MATERIALS PROVIDED section start

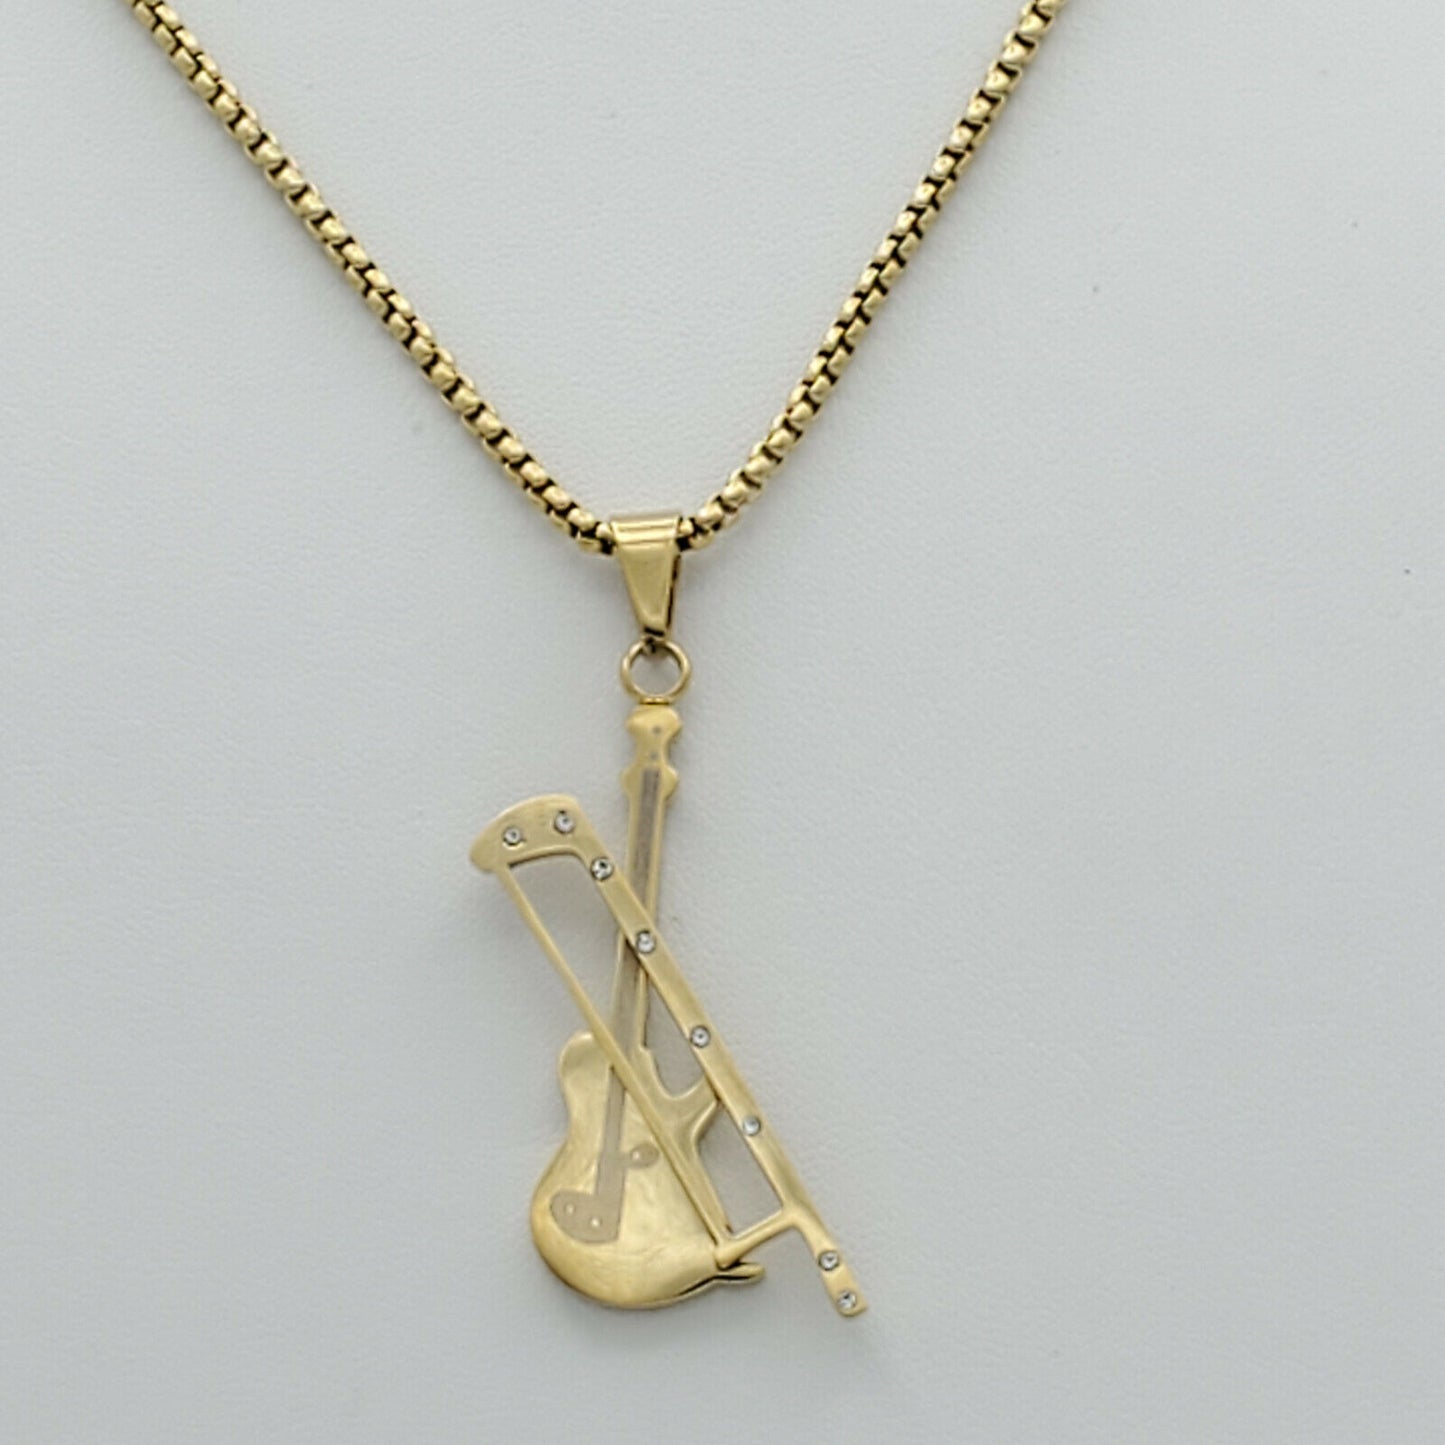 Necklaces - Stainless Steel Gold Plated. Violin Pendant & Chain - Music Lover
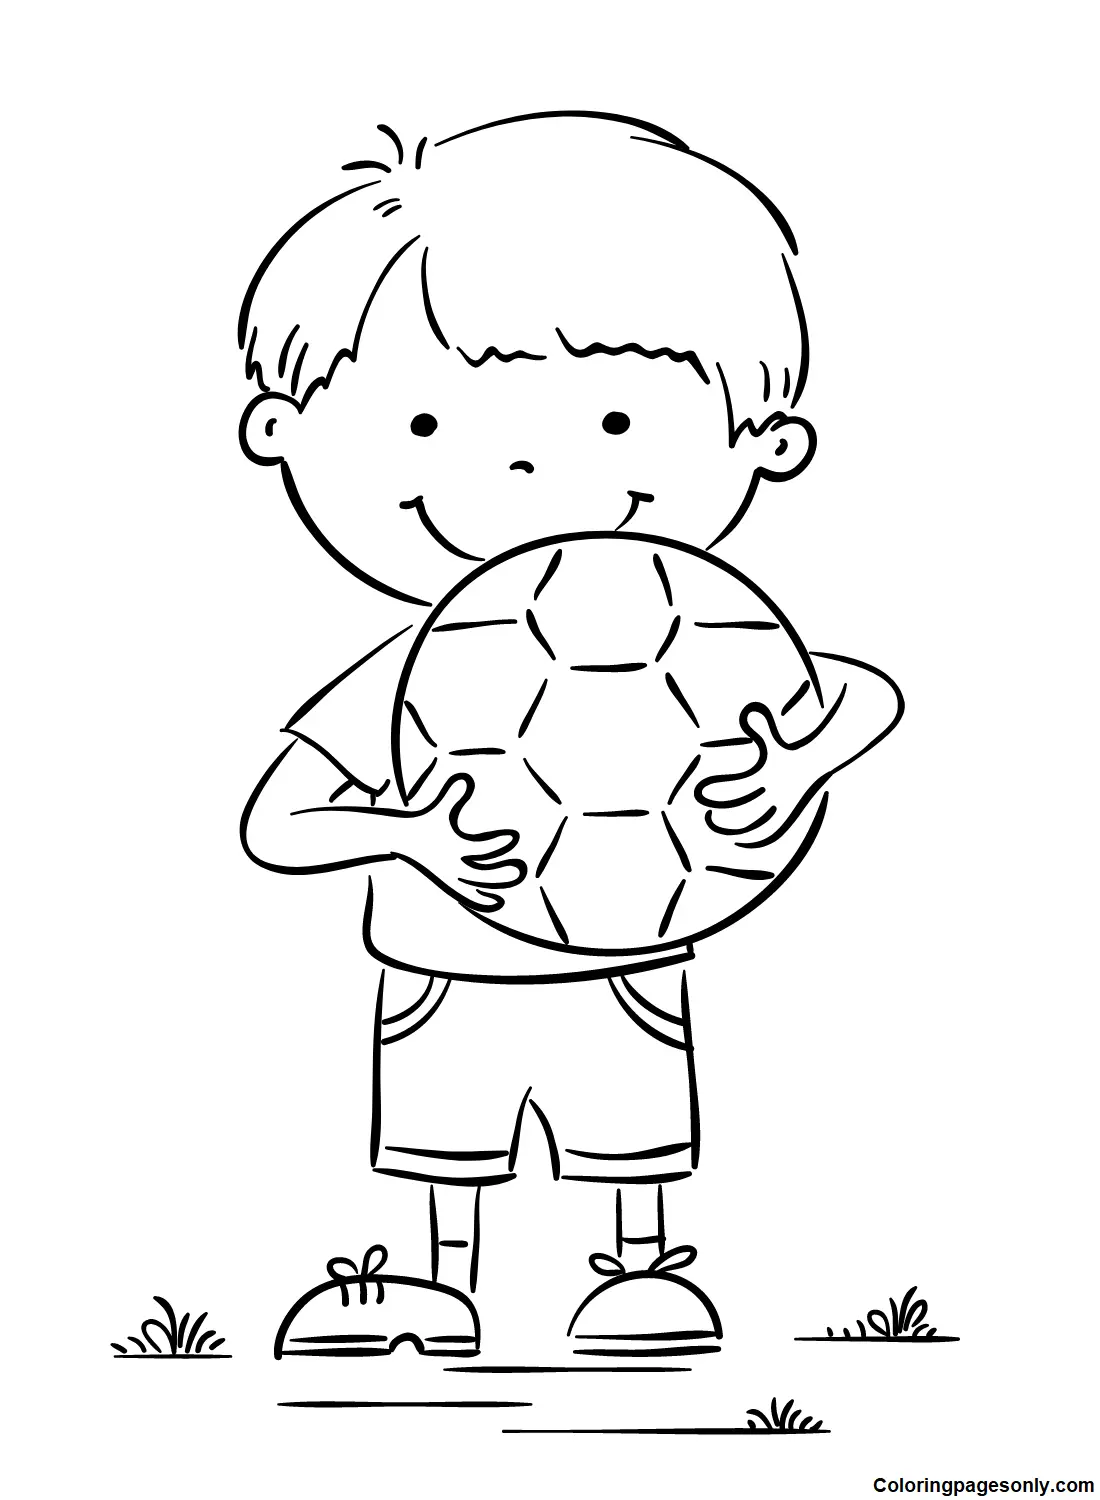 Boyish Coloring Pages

MATERIALS PROVIDED section end
MATERIALS PROVIDED section start

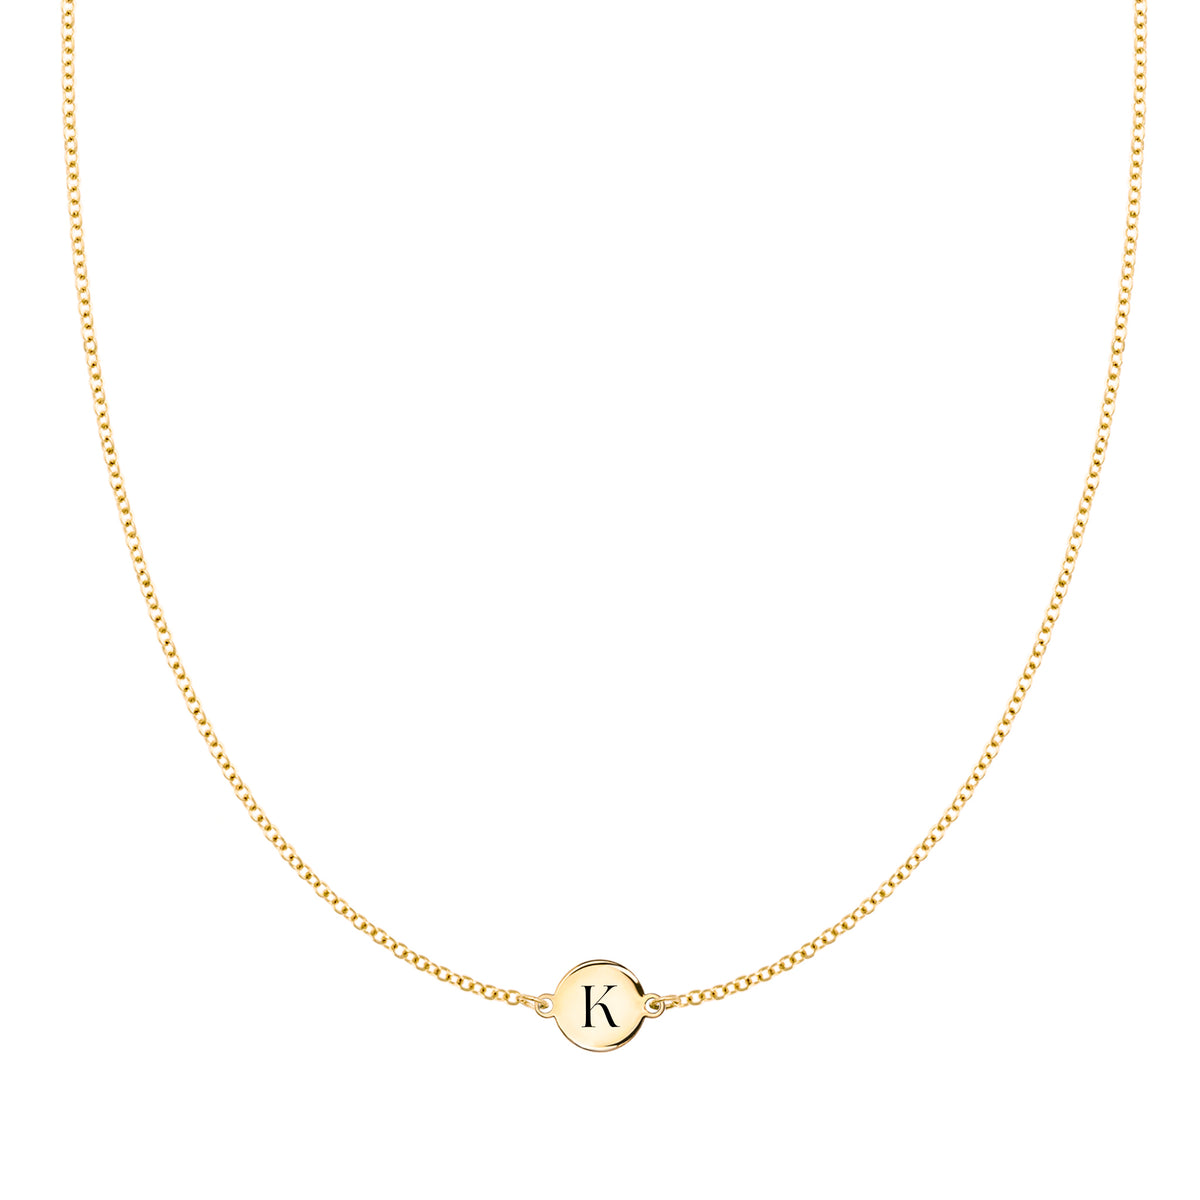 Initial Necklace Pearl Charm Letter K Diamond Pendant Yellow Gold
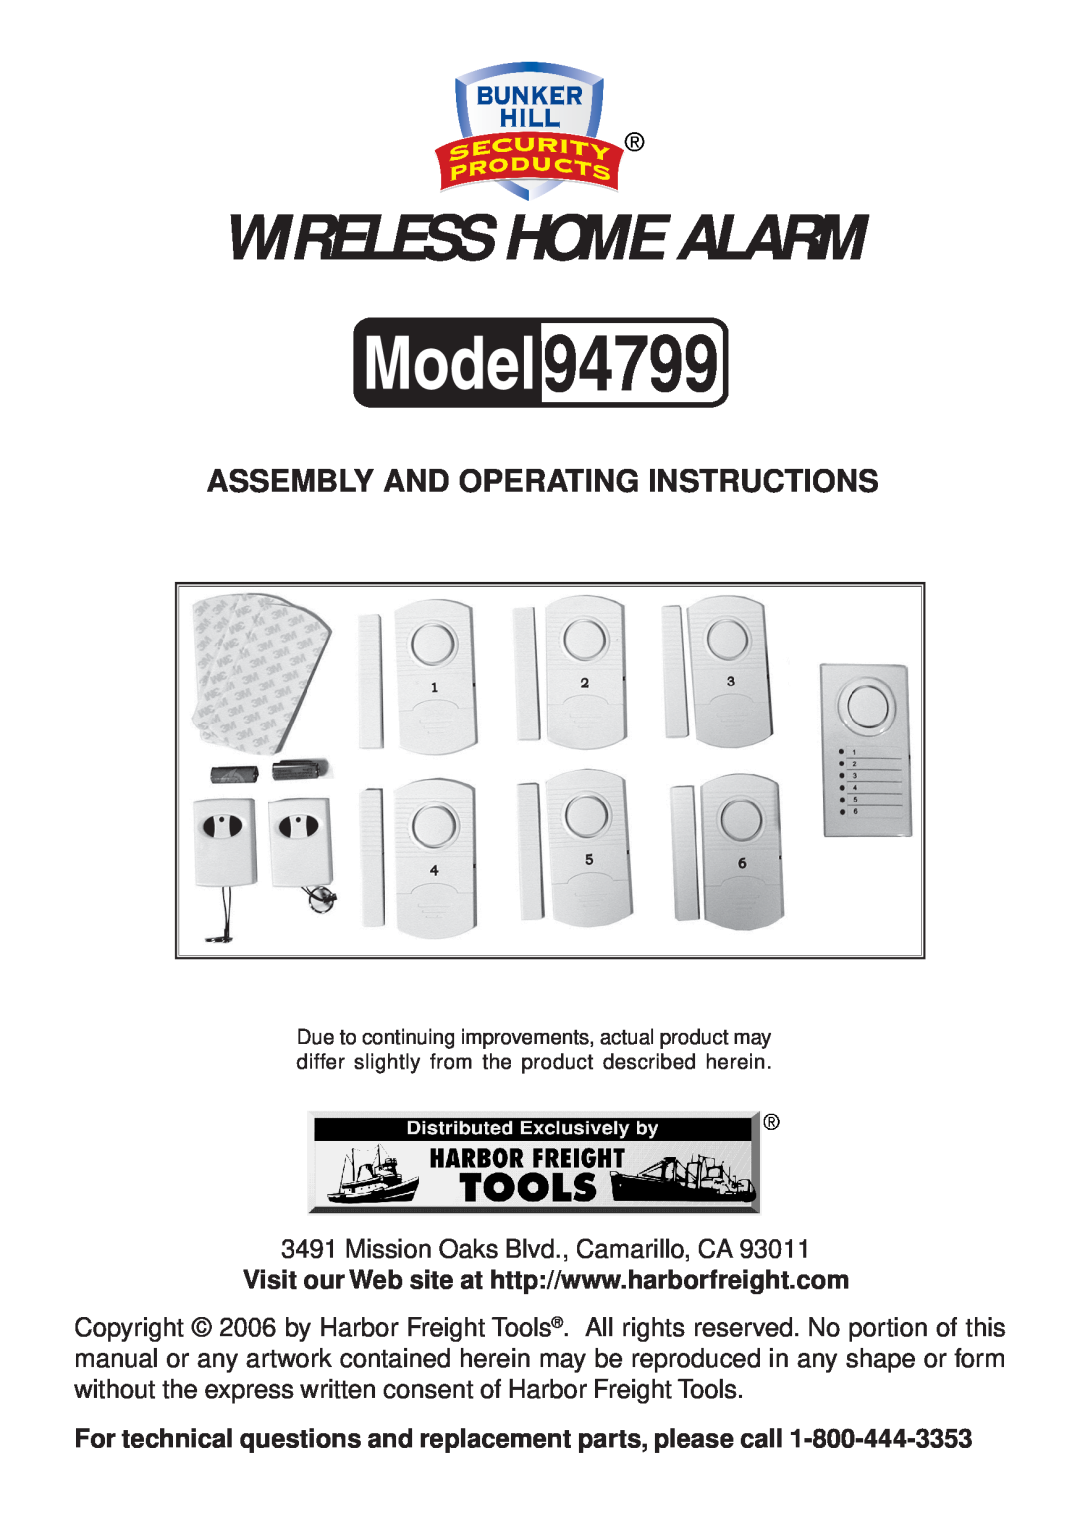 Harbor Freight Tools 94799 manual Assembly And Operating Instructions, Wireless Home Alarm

MATERIALS PROVIDED section end

• _ACTIVITY_:
Pictures do not belong in the answer. Return the lines above starting at the one with "Necklaces - Stainless" and ending at the one with "Boyish Coloring Pages", both kept, exactly.

• _TASK OUTPUT_:
 Necklaces - Stainless Steel Gold Plated. Violin Pendant & Chain - Music Lover
 Boyish Coloring Pages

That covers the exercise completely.